→ ASSIGNED TASK
Without the pictures, set down everything in the listing exactly.

[DATA SEGMENT]

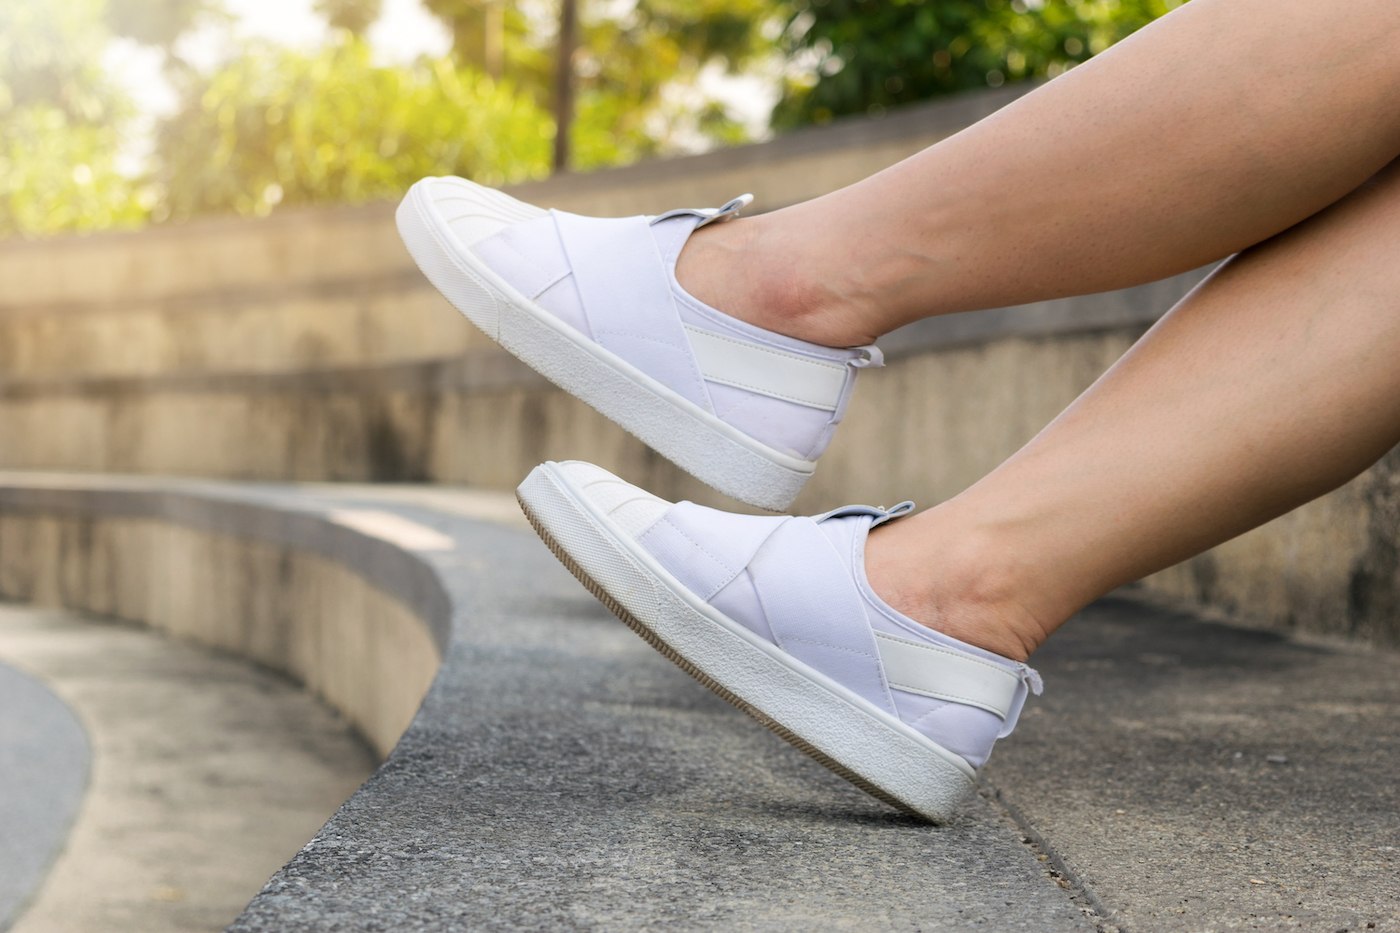 white slip on gym shoes
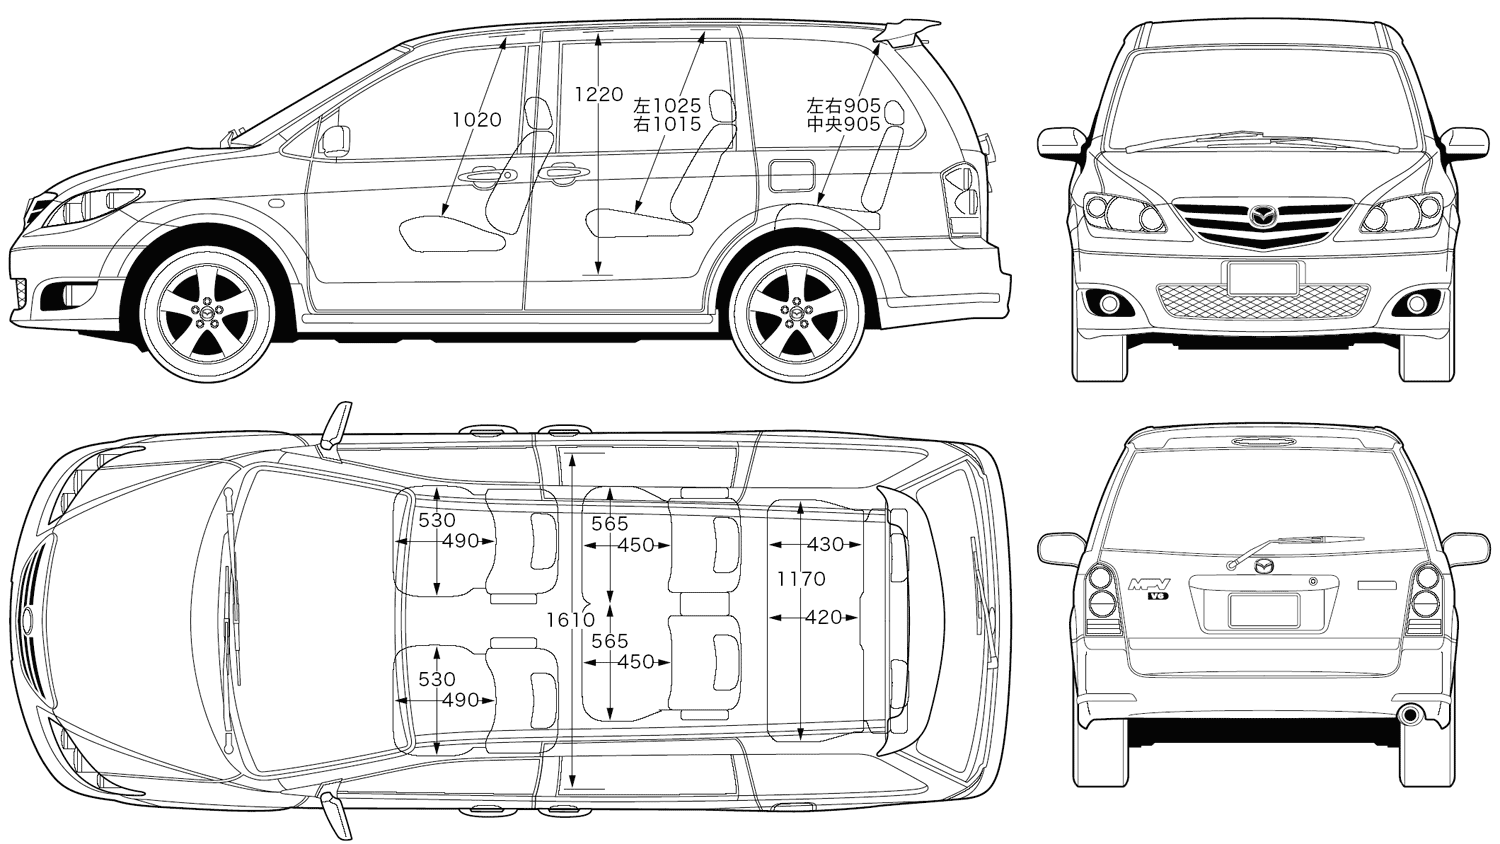 Mazda MPV - 4. Image file size: 314.58Kb Resolution: 1973 x 1239
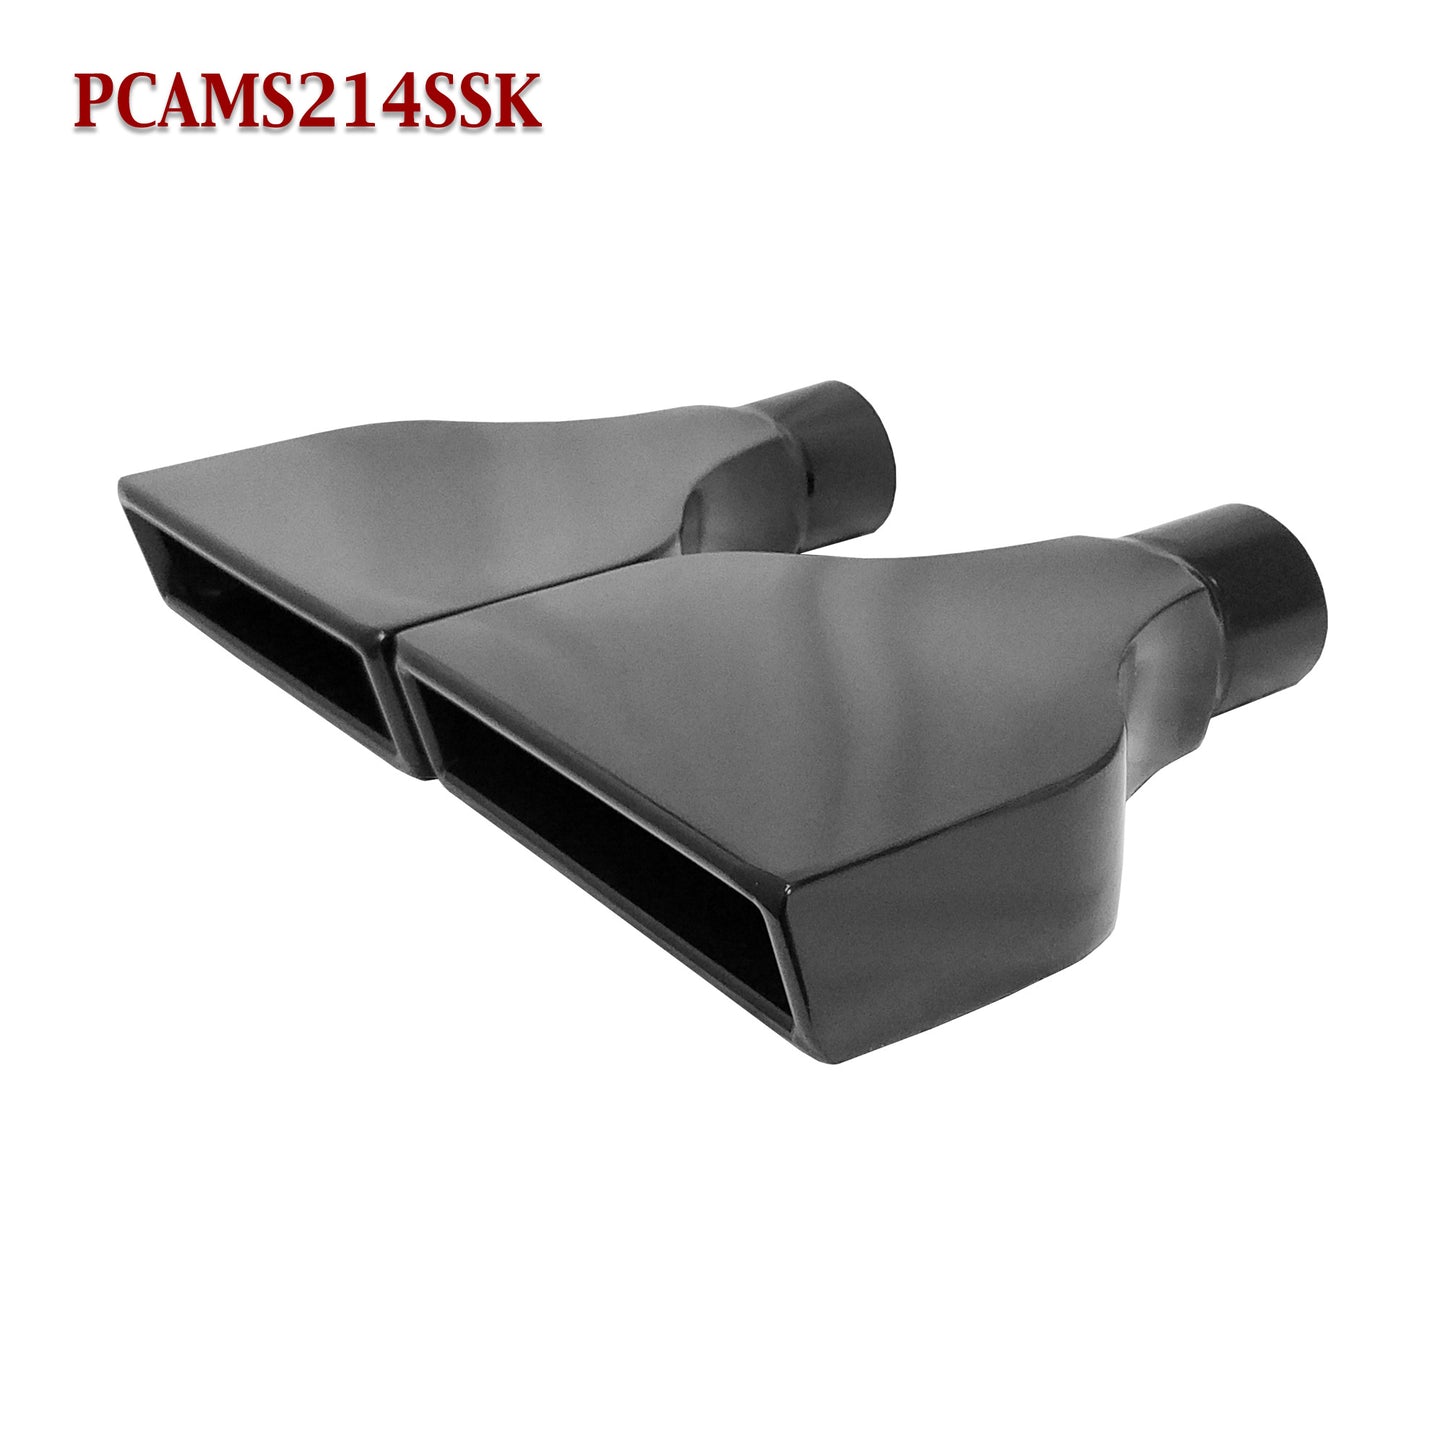 PCAMS214SSK 2.25" Black Rectangle Corvette Camaro Exhaust Tip 2 1/4" Inlet 10" Long

[/DATA SEGMENT]

→ TASK RESPONSE
 white slip on gym shoes
 Mazda MPV - 4. Image file size: 314.58Kb Resolution: 1973 x 1239
 PCAMS214SSK 2.25" Black Rectangle Corvette Camaro Exhaust Tip 2 1/4" Inlet 10" Long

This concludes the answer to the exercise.